- WHAT IS NEEDED: Using the records below, transcribe word for word the stretch from the line that contains "A silver crucifix." through the line that contains "An RLB unit", both end lines included, and nothing else.

- DATA SUPPLIED:
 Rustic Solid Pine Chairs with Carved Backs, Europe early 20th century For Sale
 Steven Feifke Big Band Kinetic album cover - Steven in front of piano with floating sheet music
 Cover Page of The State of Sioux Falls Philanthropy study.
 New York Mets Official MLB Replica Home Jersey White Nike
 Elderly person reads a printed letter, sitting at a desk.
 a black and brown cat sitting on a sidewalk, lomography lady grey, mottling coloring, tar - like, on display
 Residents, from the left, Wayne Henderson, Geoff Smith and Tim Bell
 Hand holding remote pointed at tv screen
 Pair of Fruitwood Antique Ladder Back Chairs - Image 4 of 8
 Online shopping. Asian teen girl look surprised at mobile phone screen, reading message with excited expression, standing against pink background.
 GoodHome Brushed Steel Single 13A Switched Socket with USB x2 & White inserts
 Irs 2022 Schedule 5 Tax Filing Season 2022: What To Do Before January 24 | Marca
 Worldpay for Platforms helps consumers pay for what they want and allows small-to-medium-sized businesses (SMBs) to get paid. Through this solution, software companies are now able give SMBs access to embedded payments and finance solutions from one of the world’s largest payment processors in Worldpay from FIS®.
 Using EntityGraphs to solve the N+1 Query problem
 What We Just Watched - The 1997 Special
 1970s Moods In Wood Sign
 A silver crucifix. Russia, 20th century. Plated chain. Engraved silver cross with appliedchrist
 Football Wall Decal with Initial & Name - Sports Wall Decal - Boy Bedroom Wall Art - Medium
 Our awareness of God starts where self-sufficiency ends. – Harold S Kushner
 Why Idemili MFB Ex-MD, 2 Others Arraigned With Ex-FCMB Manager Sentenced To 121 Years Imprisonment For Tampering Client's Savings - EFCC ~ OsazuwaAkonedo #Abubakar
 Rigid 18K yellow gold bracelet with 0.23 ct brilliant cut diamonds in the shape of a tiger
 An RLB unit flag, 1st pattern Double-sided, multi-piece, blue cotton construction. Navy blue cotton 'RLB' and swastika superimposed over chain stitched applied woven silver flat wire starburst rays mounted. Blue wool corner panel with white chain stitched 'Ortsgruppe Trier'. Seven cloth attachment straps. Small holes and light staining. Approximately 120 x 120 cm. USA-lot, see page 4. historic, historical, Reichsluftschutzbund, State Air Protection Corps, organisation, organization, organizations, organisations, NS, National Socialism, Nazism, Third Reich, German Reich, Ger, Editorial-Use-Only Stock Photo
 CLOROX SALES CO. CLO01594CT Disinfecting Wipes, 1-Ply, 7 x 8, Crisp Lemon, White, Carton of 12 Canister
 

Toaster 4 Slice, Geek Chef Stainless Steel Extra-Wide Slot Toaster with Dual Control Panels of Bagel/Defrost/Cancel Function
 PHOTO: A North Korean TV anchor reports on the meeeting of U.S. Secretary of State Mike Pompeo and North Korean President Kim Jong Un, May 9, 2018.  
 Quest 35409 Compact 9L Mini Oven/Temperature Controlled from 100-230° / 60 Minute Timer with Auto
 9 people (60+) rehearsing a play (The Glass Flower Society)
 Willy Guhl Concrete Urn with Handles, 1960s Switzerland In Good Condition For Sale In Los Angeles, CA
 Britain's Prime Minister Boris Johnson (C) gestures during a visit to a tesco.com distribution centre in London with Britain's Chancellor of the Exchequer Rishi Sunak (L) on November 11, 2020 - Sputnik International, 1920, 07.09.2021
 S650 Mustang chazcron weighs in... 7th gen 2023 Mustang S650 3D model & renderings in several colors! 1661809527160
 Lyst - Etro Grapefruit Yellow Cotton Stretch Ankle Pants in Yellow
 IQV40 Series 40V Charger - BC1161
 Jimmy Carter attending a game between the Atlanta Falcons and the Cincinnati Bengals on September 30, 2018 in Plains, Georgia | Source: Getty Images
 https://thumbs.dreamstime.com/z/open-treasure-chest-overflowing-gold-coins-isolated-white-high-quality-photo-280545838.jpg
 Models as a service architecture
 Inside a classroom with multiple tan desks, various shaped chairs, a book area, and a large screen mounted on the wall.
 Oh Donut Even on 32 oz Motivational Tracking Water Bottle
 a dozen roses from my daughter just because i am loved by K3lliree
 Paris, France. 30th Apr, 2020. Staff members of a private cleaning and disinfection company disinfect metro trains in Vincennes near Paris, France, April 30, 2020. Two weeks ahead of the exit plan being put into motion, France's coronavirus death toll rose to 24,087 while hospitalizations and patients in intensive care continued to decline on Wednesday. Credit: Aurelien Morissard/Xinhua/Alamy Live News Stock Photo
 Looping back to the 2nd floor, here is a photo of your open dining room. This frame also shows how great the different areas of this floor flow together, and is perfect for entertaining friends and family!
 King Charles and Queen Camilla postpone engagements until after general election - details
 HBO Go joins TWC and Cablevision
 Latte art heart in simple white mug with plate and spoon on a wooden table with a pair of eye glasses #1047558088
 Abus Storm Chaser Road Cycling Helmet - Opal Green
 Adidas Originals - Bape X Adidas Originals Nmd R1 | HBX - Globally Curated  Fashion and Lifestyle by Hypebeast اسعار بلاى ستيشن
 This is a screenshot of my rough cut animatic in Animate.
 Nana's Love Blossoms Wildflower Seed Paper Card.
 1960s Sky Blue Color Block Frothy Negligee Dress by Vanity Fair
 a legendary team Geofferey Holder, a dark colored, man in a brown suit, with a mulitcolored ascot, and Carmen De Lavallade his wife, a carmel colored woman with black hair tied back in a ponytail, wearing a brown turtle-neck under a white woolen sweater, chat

- ANSWER TO THIS EXERCISE:
 A silver crucifix. Russia, 20th century. Plated chain. Engraved silver cross with appliedchrist
 Football Wall Decal with Initial & Name - Sports Wall Decal - Boy Bedroom Wall Art - Medium
 Our awareness of God starts where self-sufficiency ends. – Harold S Kushner
 Why Idemili MFB Ex-MD, 2 Others Arraigned With Ex-FCMB Manager Sentenced To 121 Years Imprisonment For Tampering Client's Savings - EFCC ~ OsazuwaAkonedo #Abubakar
 Rigid 18K yellow gold bracelet with 0.23 ct brilliant cut diamonds in the shape of a tiger
 An RLB unit flag, 1st pattern Double-sided, multi-piece, blue cotton construction. Navy blue cotton 'RLB' and swastika superimposed over chain stitched applied woven silver flat wire starburst rays mounted. Blue wool corner panel with white chain stitched 'Ortsgruppe Trier'. Seven cloth attachment straps. Small holes and light staining. Approximately 120 x 120 cm. USA-lot, see page 4. historic, historical, Reichsluftschutzbund, State Air Protection Corps, organisation, organization, organizations, organisations, NS, National Socialism, Nazism, Third Reich, German Reich, Ger, Editorial-Use-Only Stock Photo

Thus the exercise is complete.